今夜の夕食は、村のメイン・ストリートにあるレストランだった。8時が8時半の開始になり、それも南米スタイルでゆっくりゆっくりなので、コーヒーが出る前に10時になってしまい、コーヒーは敢えて飲まずに僕はホテルに戻った。食事の間も欠伸が何度も出た。ツアーメンバーの中には、サービスで出たピスコサワーやビールなどを飲んでいる連中もいたが、僕は高山病対策の薬を飲んでいる身なので乾杯用のビールをグラスに半分ほど飲んだだけで、それ以上は自重して飲まなかった。

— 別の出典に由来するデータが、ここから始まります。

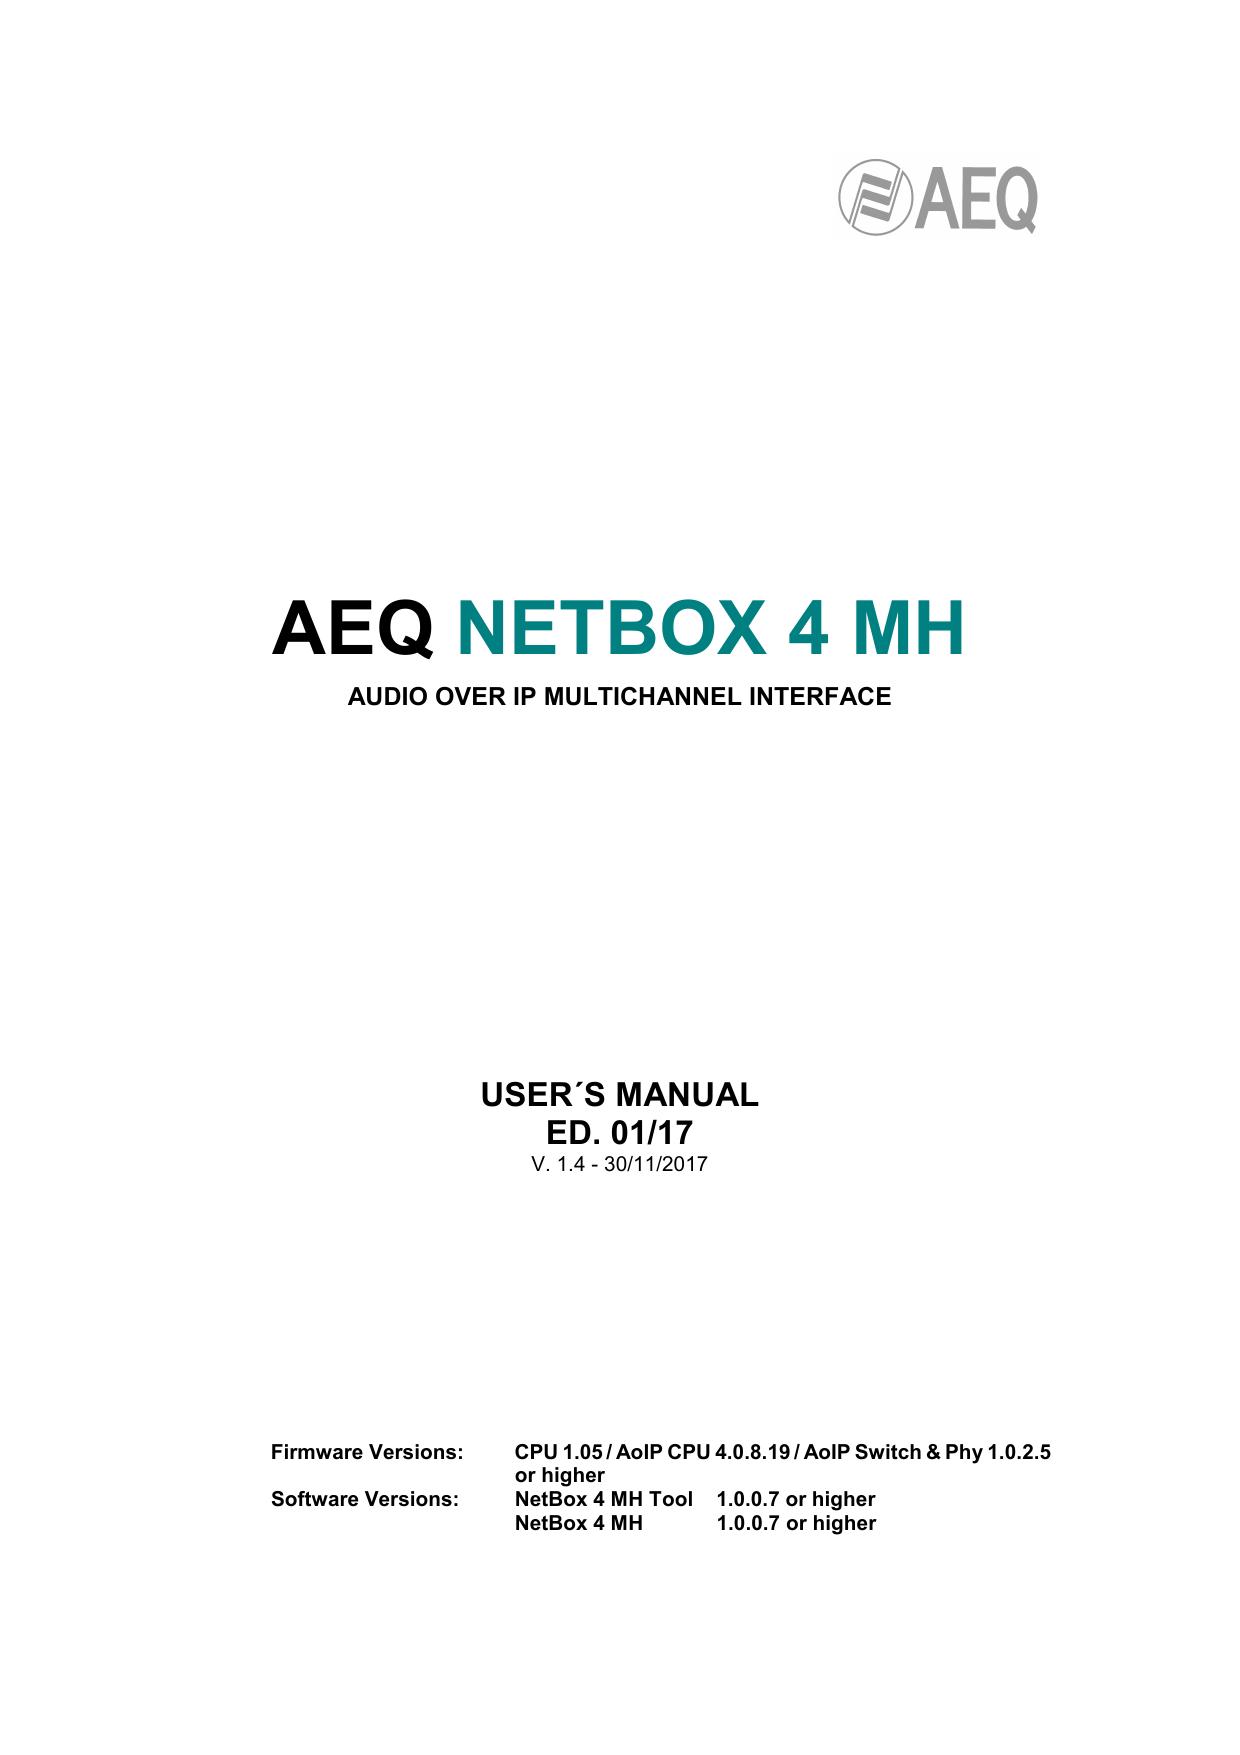 AEQ NETBOX 4 MH Users Manual | manualzz com

ここで読者の皆様に、高山病対策の薬とは、一体どのような薬なのかを説明しておきたい。その前に高山病とは、「低地から低気圧、低酸素の高地に上がったとき、身体が適応できずに起こる一連の症状」を言う。具体的には、標高1,500m以下の低地から、2,000m以上、特に2,500m以上の高地に48時間以内の短時間で到着した場合や、さらにその高度から1日に高度差500m以上に上昇した場合に発症する。高山病の発症には、かなりの個人差があり、一般に高度が高く、上昇速度が速く、睡眠時の高度が高いほど発症率が上がり、重症化する。特に低地から飛行機で一気に高地に上がると症状が出やすくなる。今回訪問するクスコの標高は3,400m、ティティカカ湖は3,800mでリマ(30m)から飛行機でいきなり上がってきた場合は、3人に2人が「山酔い」と言われる軽度の高山病を発症すると言われている。症状としては,頭痛、倦怠感、耳鳴り、吐き気、腹部膨満感などで、頭痛は起床時に起こり、時間とともに軽減する傾向がある。また、就寝後の頻繁な覚醒や不眠感なども典型的な症状の一つである。高山病は重症化すると肺に水が溜まる「高地肺水腫」や脳がむくむ「脳浮腫」になり、適切な治療を受けるとともに急いで酸素の濃い低地に降りないと死亡することがある。
以上が高山病の説明だが、予防策としては下記がある。
1. 高地に到着後1週間は過度な運動は避ける。
2. 高地到着日と翌日はアルコールの摂取と睡眠薬の内服は避ける。
3. 水分を十分摂る。
4. すぐにエネルギーになる炭水化物を多く摂取する。
5. 首を激しく動かしたり、急いで歩いたりしない。全て、ゆっくり。
6. 湯船にお湯を張った風呂は利用せず、シャワー程度に抑える。
7. 頭痛など高山病の症状が出たら、遠慮せずに酸素を吸い、静かにしている。
高山病対策の薬としては、酸素を吸うこと以外に、アセタゾラミド(主な商品名ダイアモックス)がある。この薬は、脳血管を拡張させ、脳の血流を増加させることにより脳の低酸素状態を改善させることを目的としている。同時に、呼吸中枢を刺激し、呼吸回数を増加させ、結果的に血中酸素濃度を増加させる。高山病予防のためには、高地に到着する前日から到着後3日間、125mg(1/2錠)を1日2回服用する。僕は、今回、これを服用している。お陰で、今のところ高山病は発症していない。しかし、今後はさらに高い場所に移動するので、十分注意する必要を感じている。